Я рванулся к двери. "Только бы они никуда не ушли, мои не­смышленыши! – подумалось панически, – Только бы не ушли". Вах­терша, увидев мою перекошенную физиономию, улыбнулась:

– Не волнуйтесь так! Девочки рисуют у нас в караулке. Очень хо­рошие у вас дети – такие спокойные!

– Спасибо вам! – радостно рассмеялся я.

...Когда вышли в черноту ночи, электронные часы над входом показывали 22.30, и где-то в сосновом бору гулко грохотала, прибли­жаясь к станции, электричка.

– Помчались, ребята! – закричал я, подхватывая девчонок на ру­ки. – Может быть, мы сейчас встретим свою мамочку.
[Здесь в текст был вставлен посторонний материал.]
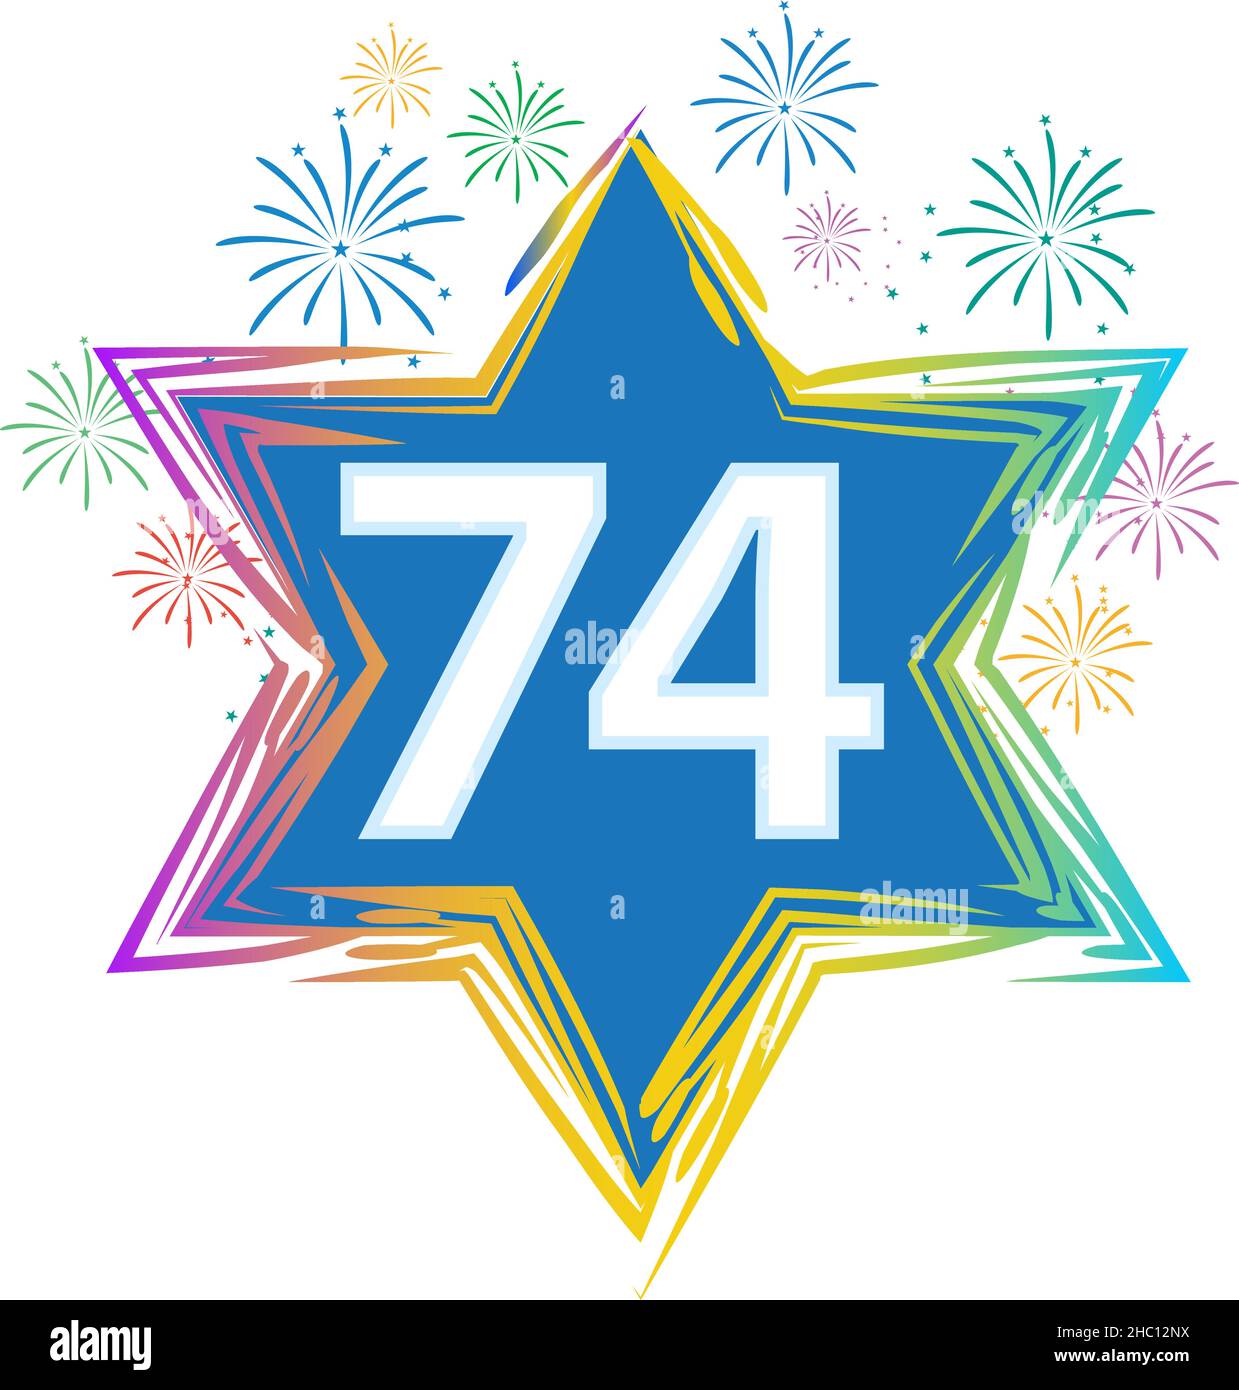 Israel 74 Independence Day Anniversary Celebration, Yom Ha'atzmaut ...

Мы вбежали на перрон, когда поезд только замер, и медленно стали гаснуть три его ярких глаза. И тут же столкнулись с Женей, и она замерла от неожиданности и спросила испуганно:

– Что такое? Что у вас случилось? Почему вы здесь?

– Мы идем с папиной работы, мамочка, – гордо заявила Даша, и этим было все сказано.

Дома выбитые из колеи дети разошлись не на шутку. Они с виз­гами носились по квартире, наотрез отказались от ужина и ссорились за право первой встать под душ. Я рвался помочь, но Женя сказала:

– Иди себе, милый. Ты уже помог, нечего сказать!

Я сидел на кухне в своем "рабочем углу", привычно положив пе­ред собой лист чистой бумаги и авторучку. Соседи, досмотрев телеви-зор, пили чай, весело делились впечатлениями от похождений четырех танкистов и их собаки. Посматривали они на меня не без насмешки... Как же стыдно быть неудачником! – думалось мне горестно. – Прав Матвеев – нужно молиться одному богу. Кажется, он подозревает, что я бегаю в лабораторию Пересветова в надежде наскрести материал для диссертации... Ужасно стыдно! Не будет ли сегодняшний полууспех вообще пределом, этаким потолком достижимых уплотнений? Тогда всему конец. Для реакции термоядерного синтеза в смеси дейтерия с тритием требуется минимум десять плотностей воды".В этот вечер белый листок у меня так и остался чистым. Не было уже никаких идей по совершенствованию нашей установки. Ушли на покой соседи, затихли голоса детей и Жени в комнате. Я вошел ти­хонько. Женя лежала ничком, обнимая подушку. Спросила, не подни­мая головы:

– Ну, хоть получилось у вас что-нибудь стоящее?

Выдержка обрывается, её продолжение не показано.